Клара сделала еще одну попытку стимулировать интересы Адольфа, дав ему денег на поездку на четыре недели в Вену. Оттуда он прислал ей несколько открыток с восторгами по поводу «величавости», «достоинства» и «великолепия» зданий. Однако грамматика и синтаксис этих посланий далеко не соответствовали стандартам грамотности, которых можно было ожидать от семнадцатилетнего юноши, окончившего четыре класса средней школы. Кроме того, мать разрешила ему брать уроки музыки (за несколько лет до этого отец предлагал, чтобы он занимался пением), и он музицировал в течение четырех месяцев — до начала 1907 г. Затем он бросил эти занятия из-за того, что ему надоело играть гаммы, но ему и так пришлось бы от них отказаться, поскольку как раз в это время мать серьезно заболела и семья была вынуждена существенно сократить расходы.

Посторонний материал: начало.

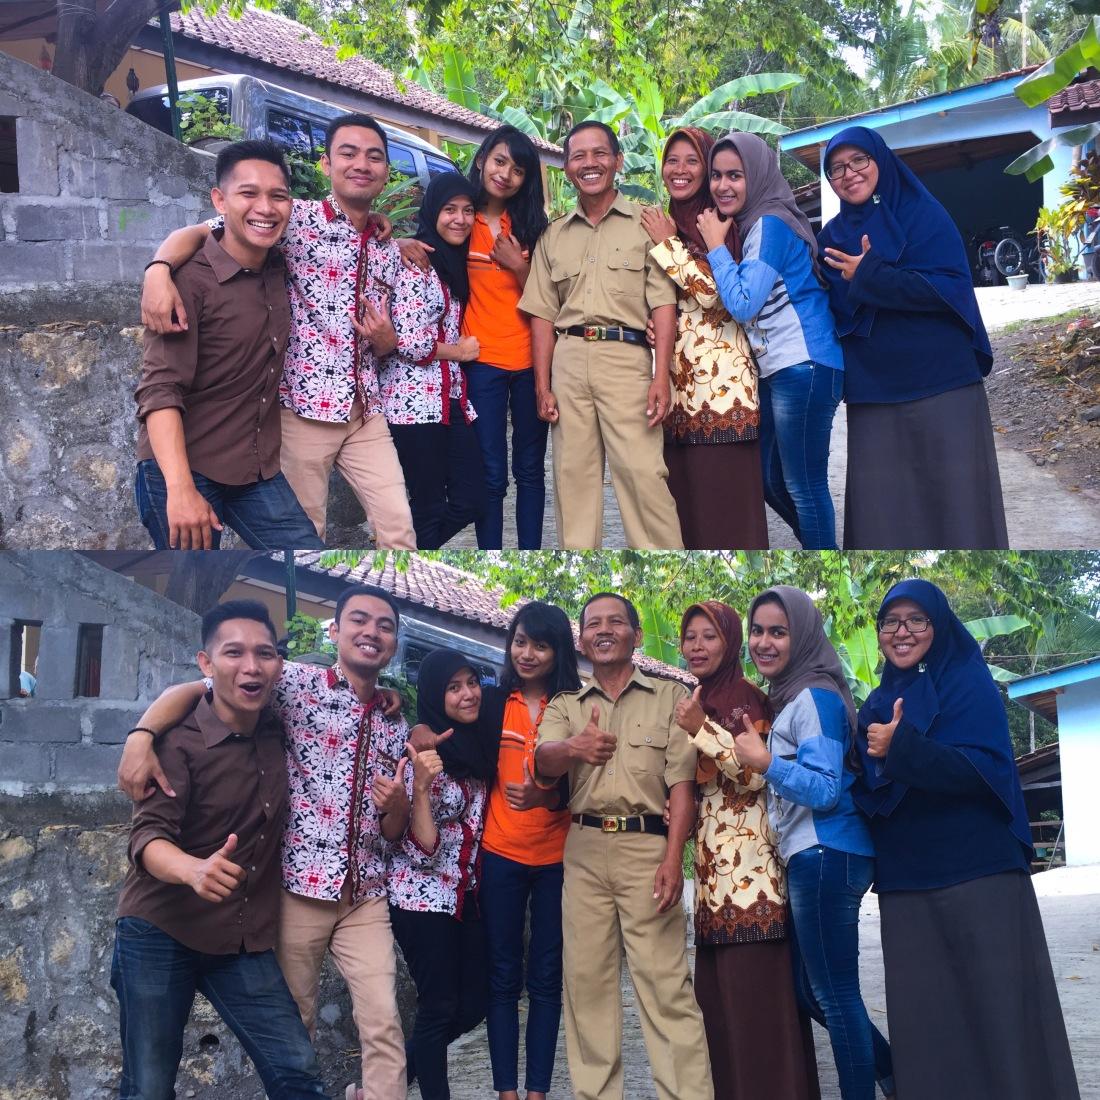 - minus Kamilah dan Dhika - janjian dresscode pakai batik seragam ANGKLUNG. but turned out cuma aku sama Yasfi yang pakai. - tolong jangan salah paham. :)

Попытки матери пробудить в нем интерес к какому-нибудь реальному делу были мягкими, совсем не авторитарными, почти психотерапевтическими. Из его реакции на эти попытки можно заключить, что и негативное отношение Гитлера к отцу было не столько протестом против идеи насчет карьеры чиновника, сколько защитой замкнутого, безвольного юноши от человека, который воплощал для него начала реальности и ответственности. Дело было, конечно, не в нежелании идти на государственную службу, и уж во всяком случае — не в эдиповом соперничестве.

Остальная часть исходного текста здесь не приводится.